Compute the convergence diagnostic of Heidelberger and Welch for MCMC sampler output. The diagnostic is designed to assess convergence of posterior means estimated with autocorrelated samples and to determine whether a target degree of accuracy is achieved. A stationarity test is performed for convergence assessment by iteratively discarding 10% of the initial samples until the test p-value is non-significant and stationarity is concluded or until 50% have been discarded and stationarity is rejected, whichever occurs first. Then, a halfwidth test is performed by calculating the relative halfwidth of a posterior mean estimation interval as $z_{1 - \alpha / 2} \hat{s} / |\bar{\theta}|$; where $z$ is a standard normal quantile, $\hat{s}$ is the Monte Carlo standard error, and $\bar{\theta}$ is the estimated posterior mean. If the relative halfwidth is greater than a target ratio, the test is rejected. Rejection of the stationarity or halfwidth test suggests that additional samples are needed.

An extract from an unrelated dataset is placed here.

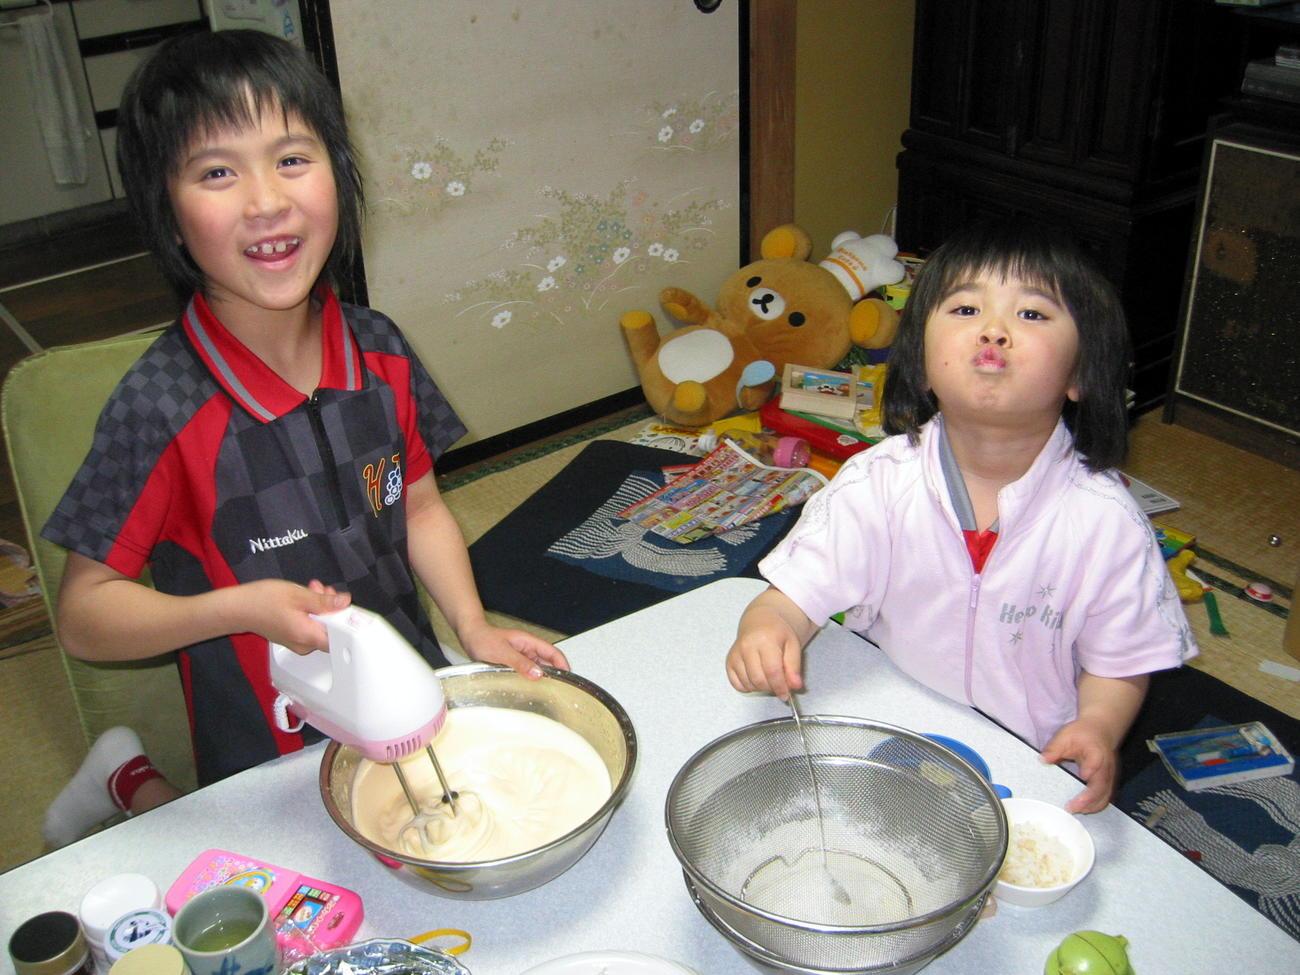 08年4月、自身8歳の誕生日ケーキを作る平野美宇(左)と次女の世和ちゃん
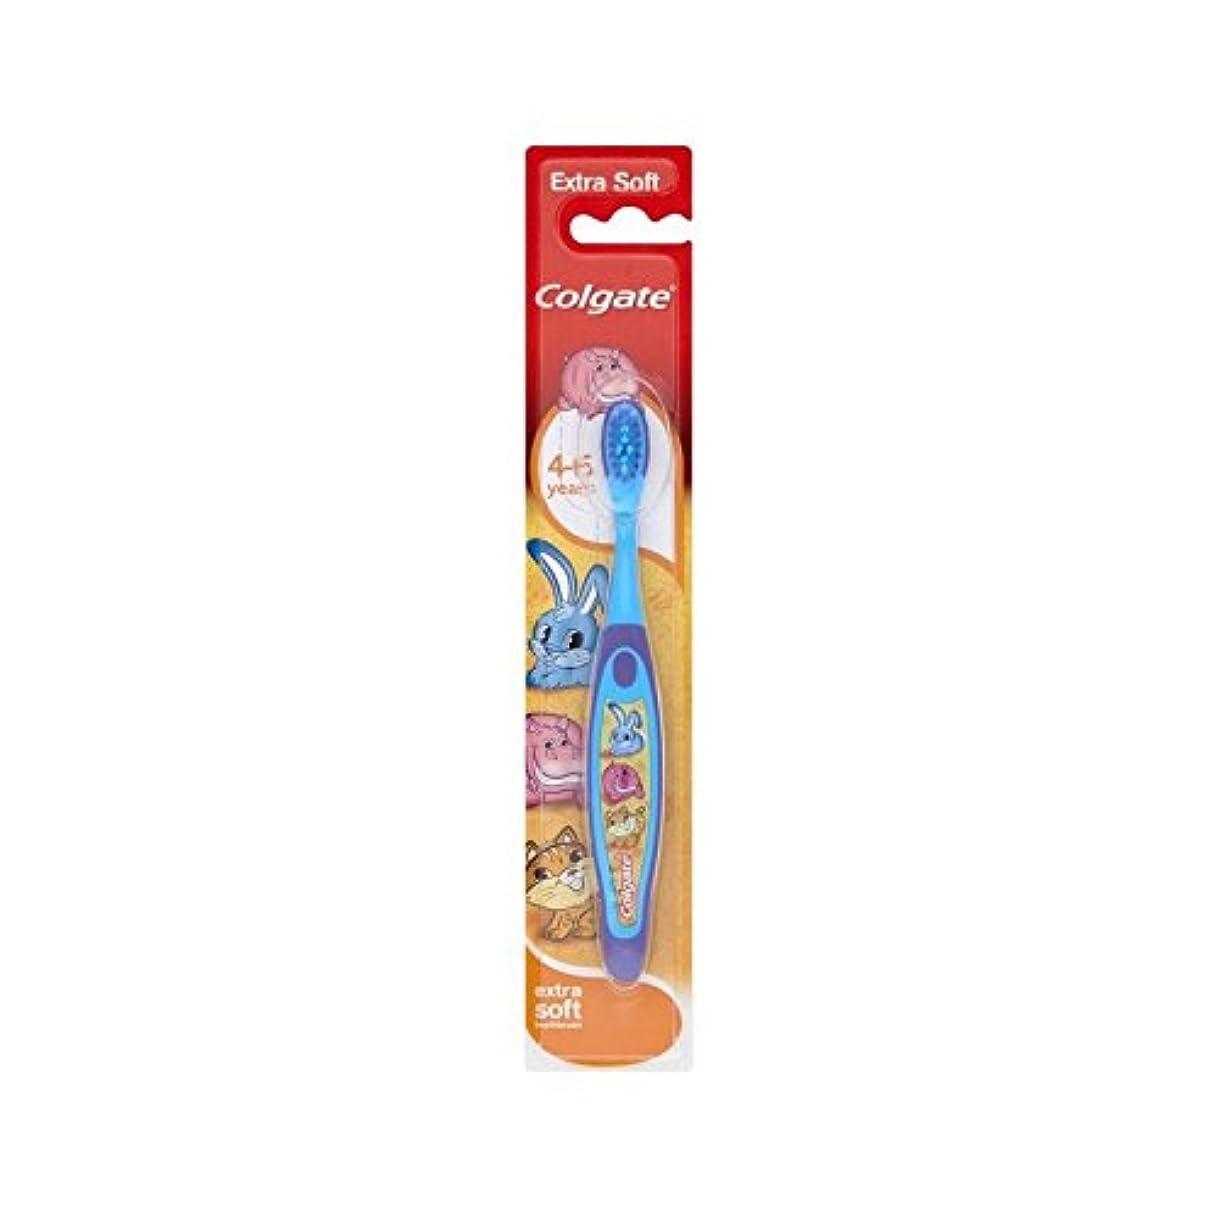 手伝うミスルアー4-6歳の歯ブラシを笑顔 (Colgate) (x 4) - Colgate Smiles 4-6 Years Old Toothbrush (Pack of 4) [並行輸入品]

Returns a ChainSummary type object with parameters contained in the rows of the value field, and numbers of burn-in sequences to discard, whether the stationarity tests are passed (1 = yes, 0 = no), their p-values ($p > \alpha$ implies stationarity), posterior means, halfwidths of their $(1 - \alpha) 100\%$ estimation intervals, and whether the halfwidth tests are passed (1 = yes, 0 = no) in the columns. Results are chain-specific.

• c : sampler output on which to perform calculations.

• alpha : significance level for evaluations of stationarity tests and calculations of relative estimation interval halfwidths.

• eps : target ratio for the relative halfwidths.

• etype : method for computing Monte Carlo standard errors. See mcse() for options.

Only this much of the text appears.